Chicago real estate, living and neighborhood perspective

Fall Review

With the elections behind us and the winter season approaching, many are watching the housing market for changes in activity.  But much of the recent data seems to support much of what has been talked about on a national level. For Chicago, inventory has decreased throughout single family, attached condos / townhomes as well as multi-units housing. Additionally, closings and contracts written are on the rise as well although median prices overall have dipped slightly as many sellers who have been unable to sell thus far have taken more aggressive positioning in the marketplace before the slowdown during the holidays sets in.

Although not every neighborhood in the city is benefiting from the current sales activity, the data is promising. Investors have noticed the trend this past year with many investor purchases in attached housing (condominiums) and multi-units, with some areas facing a lack of desirable inventory in available multi-units and commercial properties.

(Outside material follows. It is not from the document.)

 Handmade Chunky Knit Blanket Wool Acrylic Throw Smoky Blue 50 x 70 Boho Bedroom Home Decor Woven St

With rental rates still continually increasing throughout many parts of the city, investors have stepped up in purchasing entry level housing, including studios, one and smaller two bedrooms condominiums as rental properties capturing attractive capitalization rates and as first time home buyers either stall their purchase, or skip purchasing a smaller condo, to take advantage of current home prices, the market of entry level condos is wide open for many investors.

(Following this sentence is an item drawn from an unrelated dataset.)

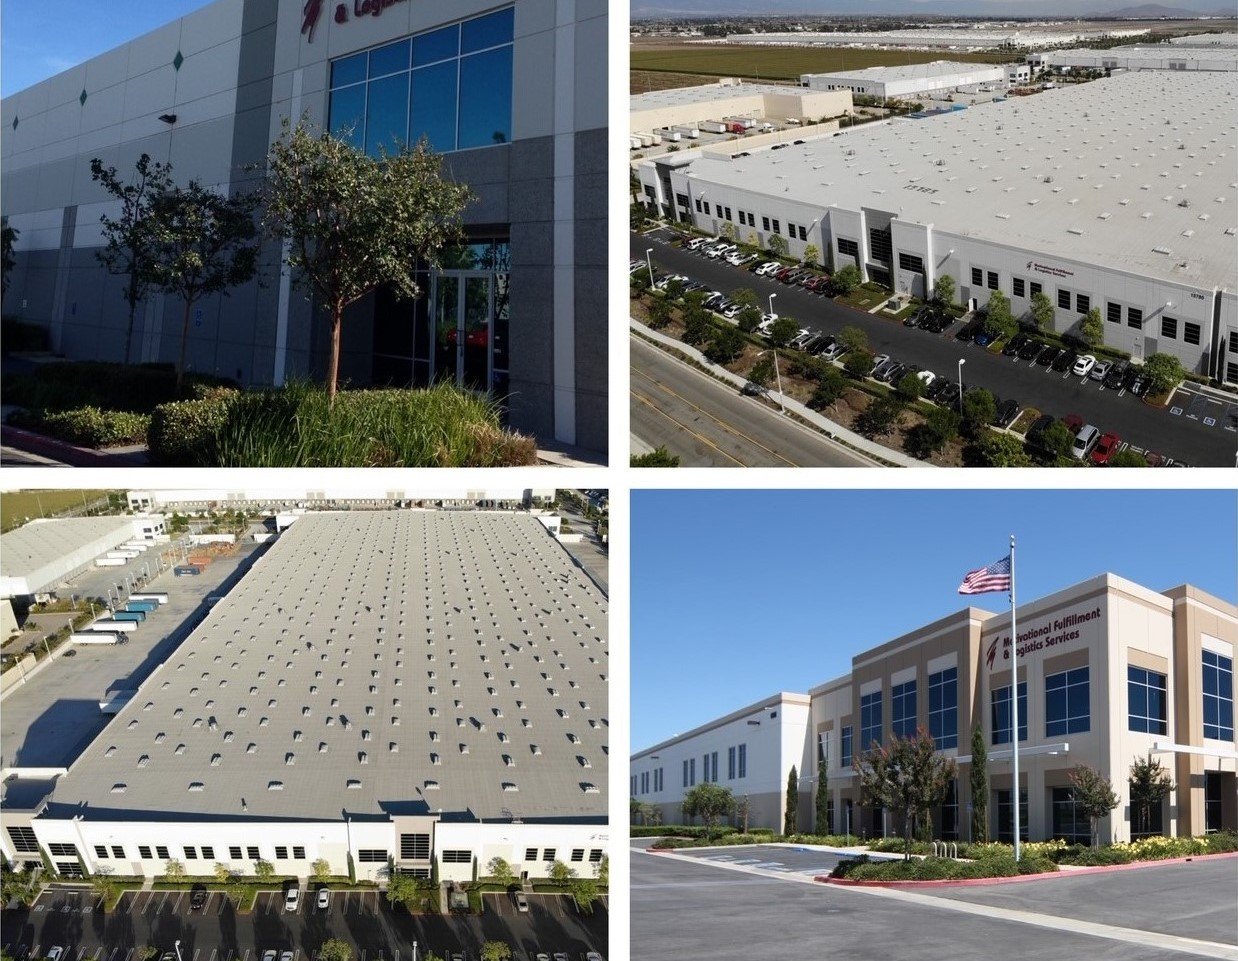 Motivational Logistics facilities in California’s Inland Empire, campus-style warehousing

To help curb investor units in condo associations, many HOAs have started having discussions on possibly limiting the number of rentals allowed, or other measures to control investors. Some associations have enacted no measures at all and yet carry a small percentage of rental units within the association.

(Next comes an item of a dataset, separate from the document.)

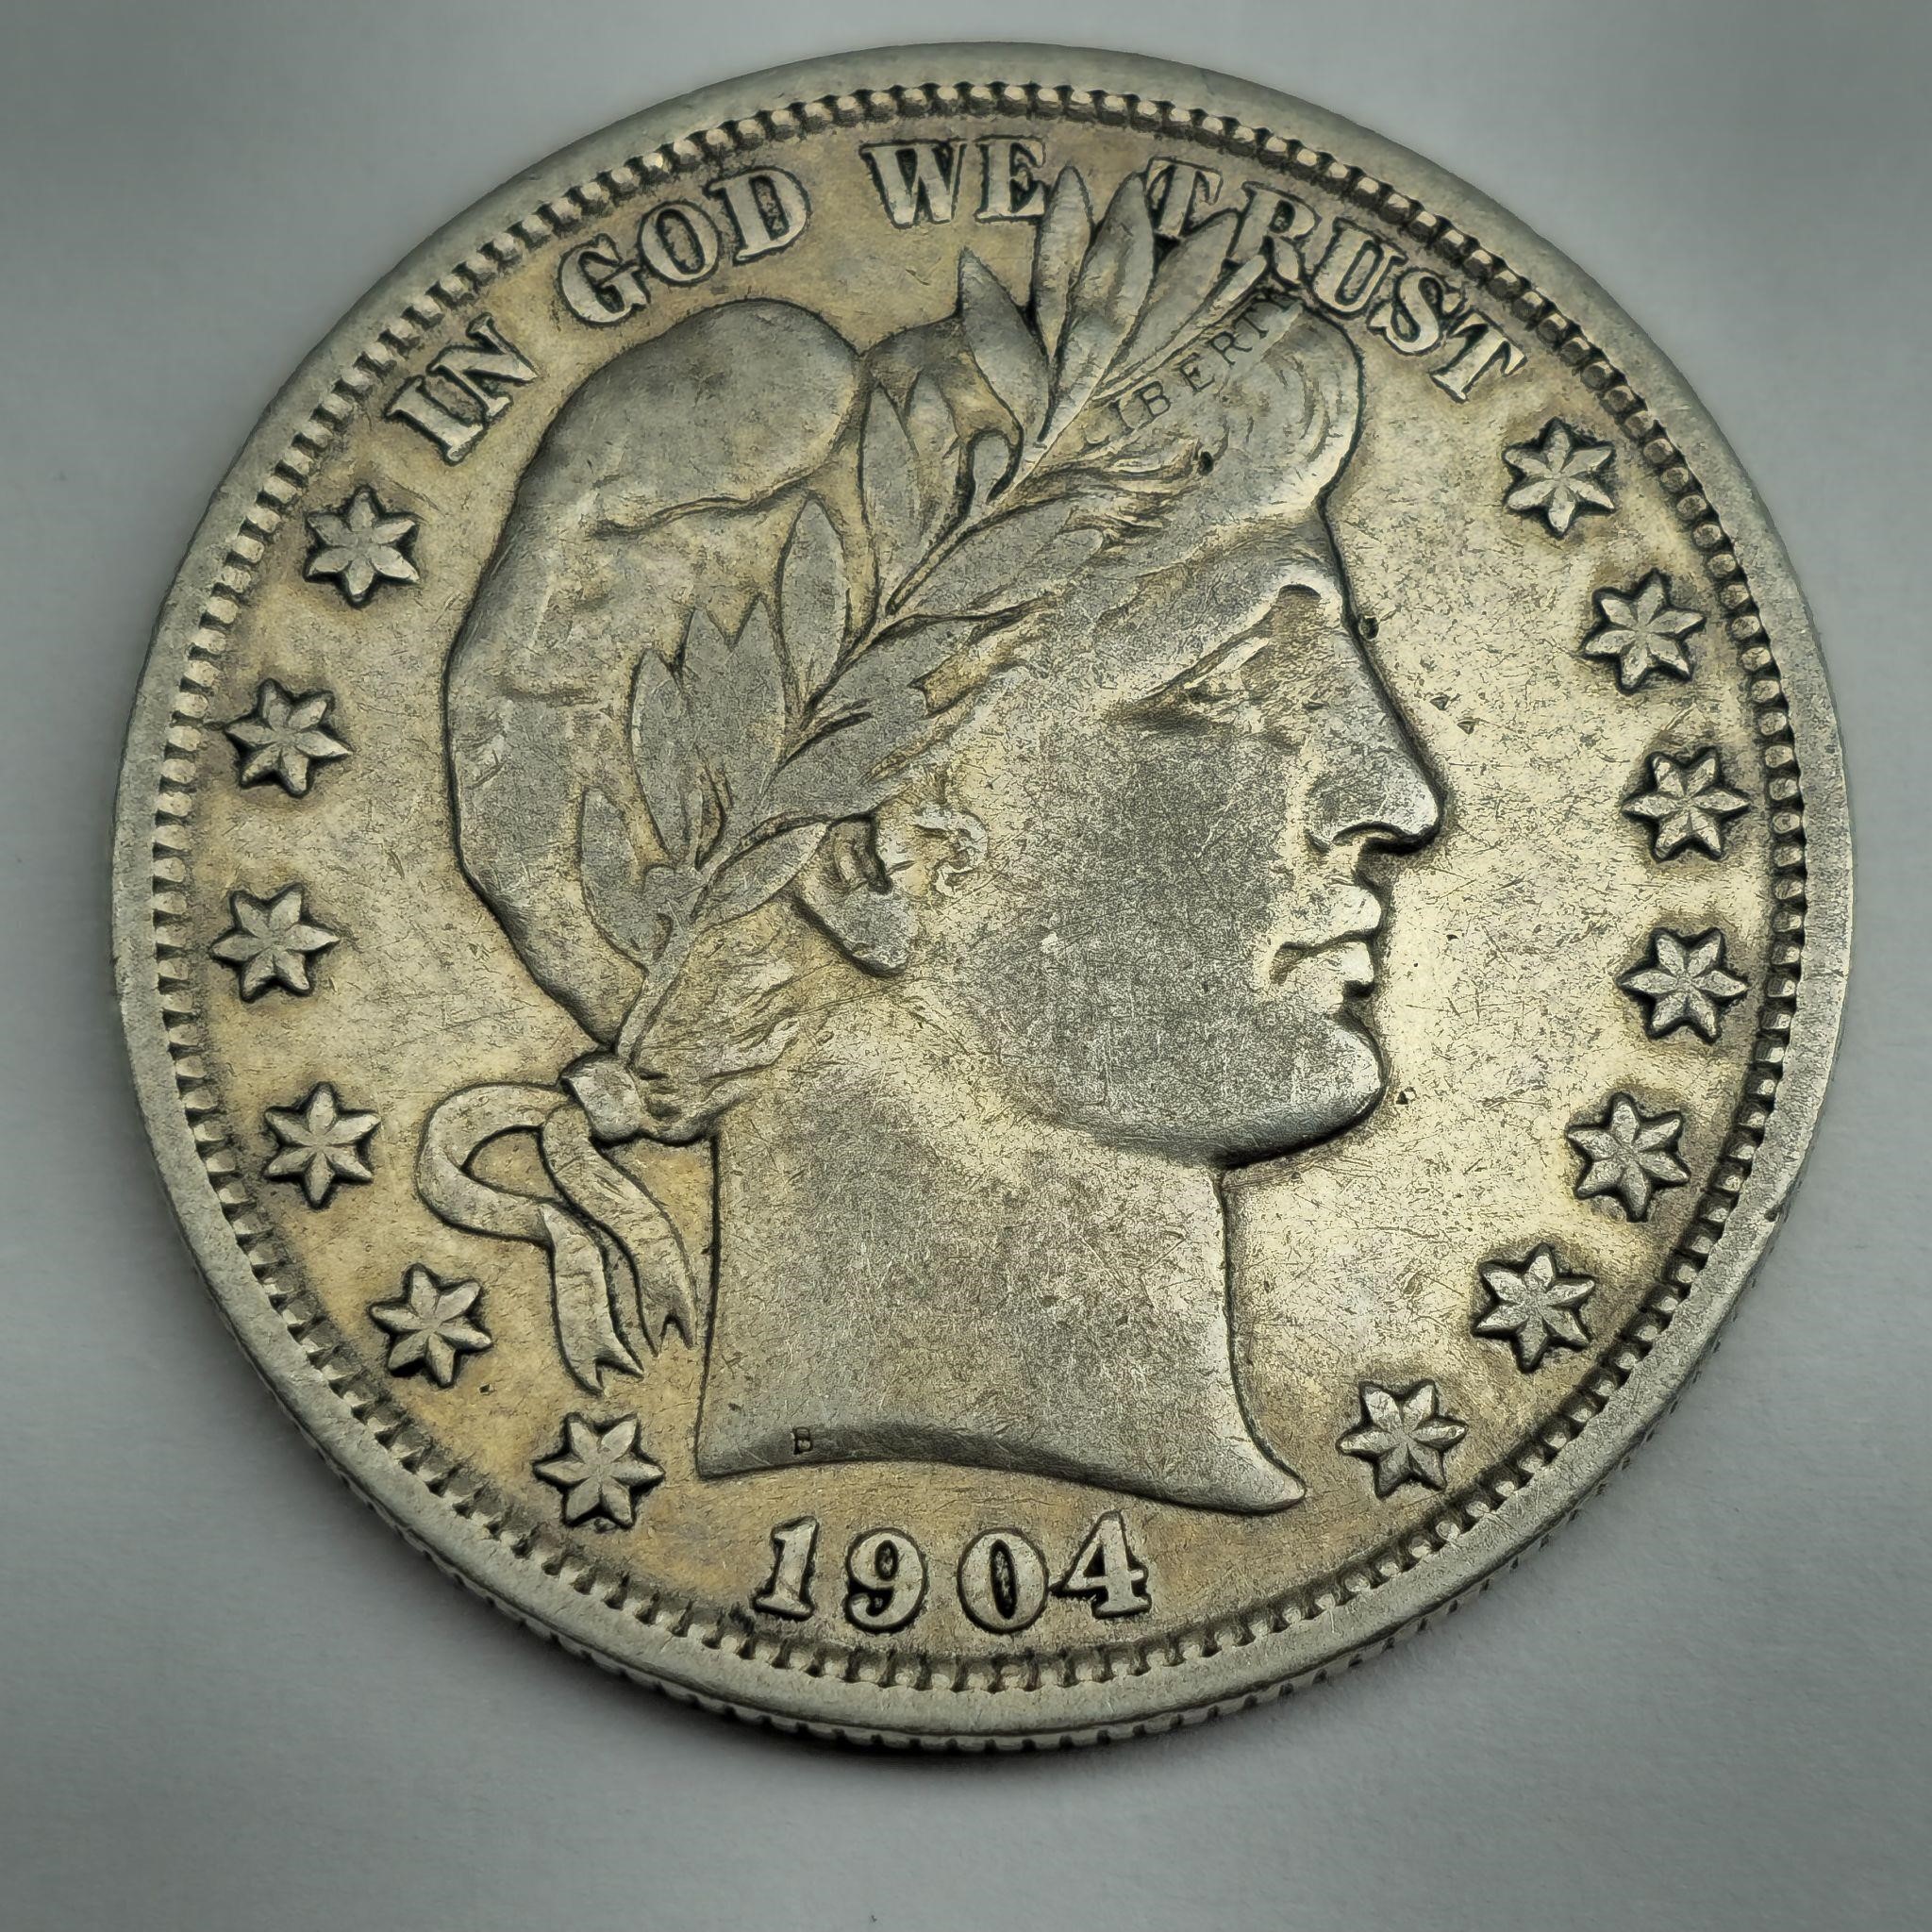 1904 Barber 50c Silver Half Dollar. Very nice coin

Consumer confidence has been increasing as well, and although the index doesn’t directly impact real estate, as it does other markets, such as retail – it does give insight into the mindset of the country. Are we in a savings or spending mindset? This could lead to an upswing in the business and commercial real estate sector. Trends for these markets typically follow the residential sector, but coupled with more spending, it could make certain businesses and commercial properties more attractive as an investment alternative as multi-units, mixed used buildings inventories remain low.

>> Check out the most current market trends for both residential real estate and commercial real estate

Watch for empty store fronts filling up this spring and previous shopping destinations bringing back retailers and merchants. Even shops on the Mag Mile are getting a head start.